In the previous incarnation of the BrightGen bake off, the hashtag proved a bit of a challenge. That’s supposed to say GBGBO – Great BrightGen Bake Off. It’s just about readable, but hardly a triumph. I wasn’t expecting much better this time, but I was determined to try!

After making the pastry and leaving it to rest in the fridge for a couple of hours, I nicked off the ends and created the hashtag lettering – minus the hash symbol, as that’s just dead space.
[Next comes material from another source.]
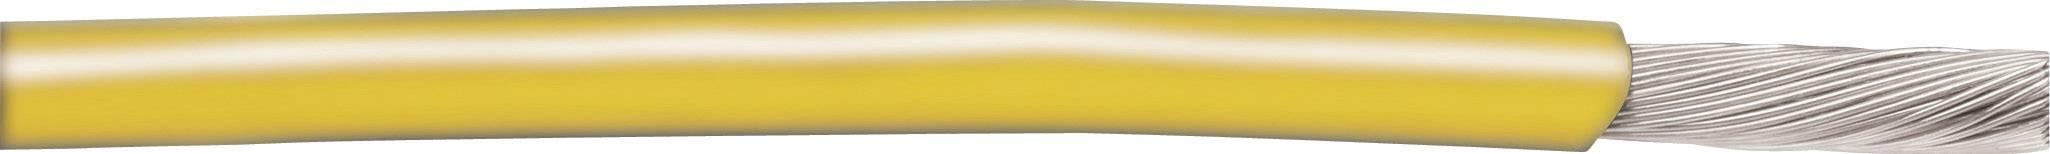 Pletenica EcoWire 1 x 3.31 mm, rumena AlphaWire 6718 30.5 m
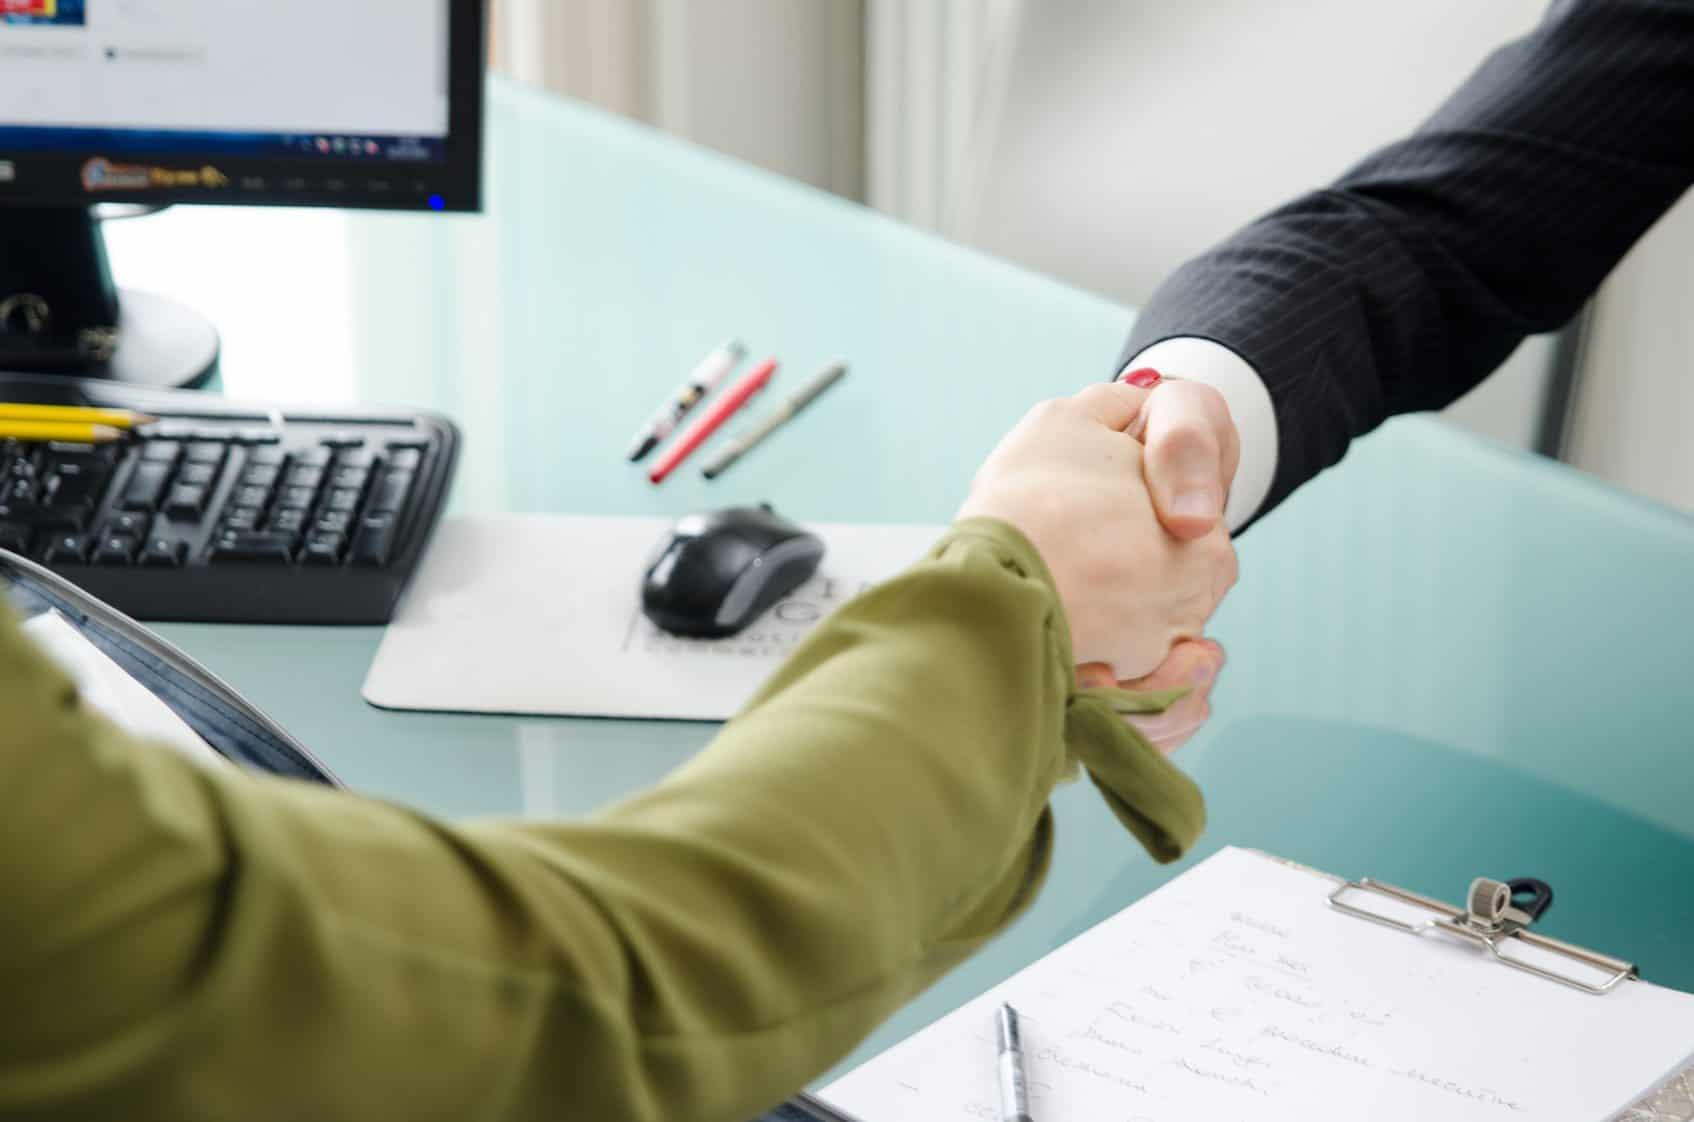 negotiating credit card processing fees

Not too bad, but boy do you have to be quick with puff pastry or it sticks to everything, and there are a lot more letters this time!

Next it was time to make the meat loaf – minced beef, onions, apples, breadcrumbs, stock and a few herbs, then 45 minutes in a Bain-Marie and it was cooling. This is by far the easiest part of the whole process, but make sure you leave it to cool down completely or you’ll leave half of it in the tin – I know this for a fact as I’ve spent more than one evening frantically trying to piece it back together like the world’s worst game of tetris.

Several hours later I returned to assemble, only to experience the revenge of the hashtag (if you saw the outcome on social media, just forget that for a couple of paragraphs and play along with my artificial jeopardy) – it doesn’t fit on the loaf.

Nothing to be done now, as the whole thing was assembled, and the pastry was milk-washed and already starting to sag. Into the oven and hoping for the best.

Even if I say so myself, it came out alright:

Baker’s Remorse

What happened? How did it go so wrong? I knew the letters were large as I wanted them to fill the top of the loaf, but did I really think I could fit 12 letters of that size with the surface area of a 1 pound loaf tin.

If only I’d made a smaller one to take the second part of the hashtag.

Oh wait.

That’s right.

I did!

As I’m still shopping for elderly parents, whenever I cook anything like this I make extra to send to them with their weekly groceries, and it turns out the 1/2 pound loaf tin surface area is perfect for the last 4 letters.